Она медленно складывает свободную ладонь на штанину, ведёт по ней вверх и цепляет холодные пальцы руки, лежащей на бедре, замечая, как пустой опущенный на неё взгляд начинает загораться любопытством.
Она вымученно улыбается ему, притягивает пальцы ближе, чтобы обхватить ладонь, и наблюдает, как уголки тонких губ пару раз дёргаются.
– Понимаешь, с кем связываешься? – звучит задумчиво и легко, но таит какую-то загадку.
Гермиона на пару секунд опускает голову, чувствуя, как хочется закричать во всю глотку, но вместо этого спокойно отзывается:
– Расскажи мне всё, что считаешь нужным. Я помогу.
Том в удивлении приподнимает брови и чуть наклоняется к ней, но та не сдвигается с места, а лишь прислоняется щекой к коленке.
– Я сделаю, что скажешь, – добавляет ко всему, затаив дыхание.
Она выжидает столько, сколько требуется Тому сложить что-то в своей голове и решиться на какой-то шаг, наблюдает, как тёмные глаза мимолётно пробегаются по комнате, возвращаясь к ней, чувствует чужое колебание и сомнение, затем ловит резко изменившийся на самодовольный взгляд и завороженно прислушивается к мягкому тембру голоса, произносящему слова:
– Поднимайся, сядь сюда.
Гермиона опирается на ногу, встаёт с пола, выпрямляется и аккуратно садится на указанный подлокотник, устраиваясь поудобнее.

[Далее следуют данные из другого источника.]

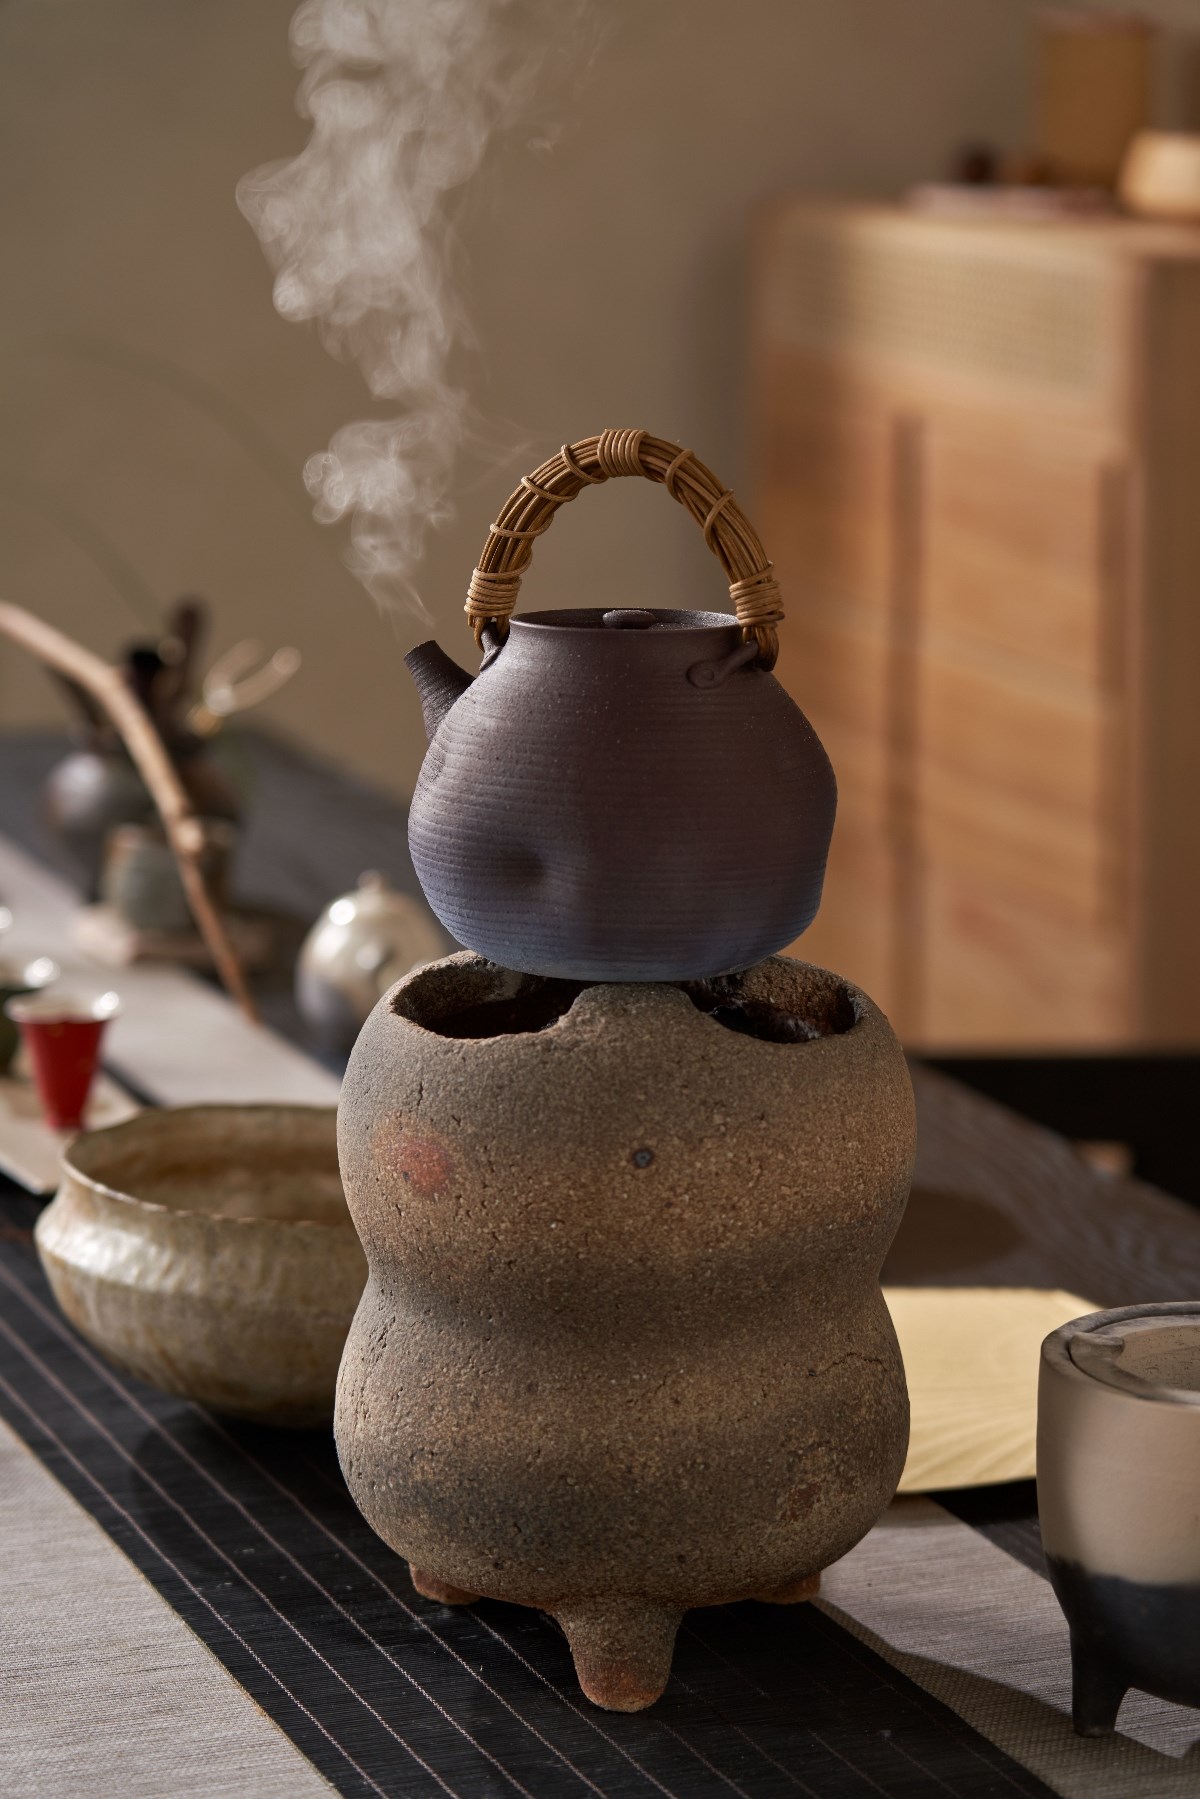 DECO 围炉煮茶 | 属于冬天的仪式感

Неожиданно Том притягивает ближе, сверкая глазами, закусывает губу, пытаясь спрятать слабую улыбку, и медленно произносит:
– Раз ты согласилась, я дам то, что ты хочешь, но теперь назад пути нет.
У Гермионы снова складывается впечатление, что её обвели, переиграли и вытянули то, что ему было нужно, но на фоне ожидаемого это показалось ничем, может быть, не такой высокой ценой.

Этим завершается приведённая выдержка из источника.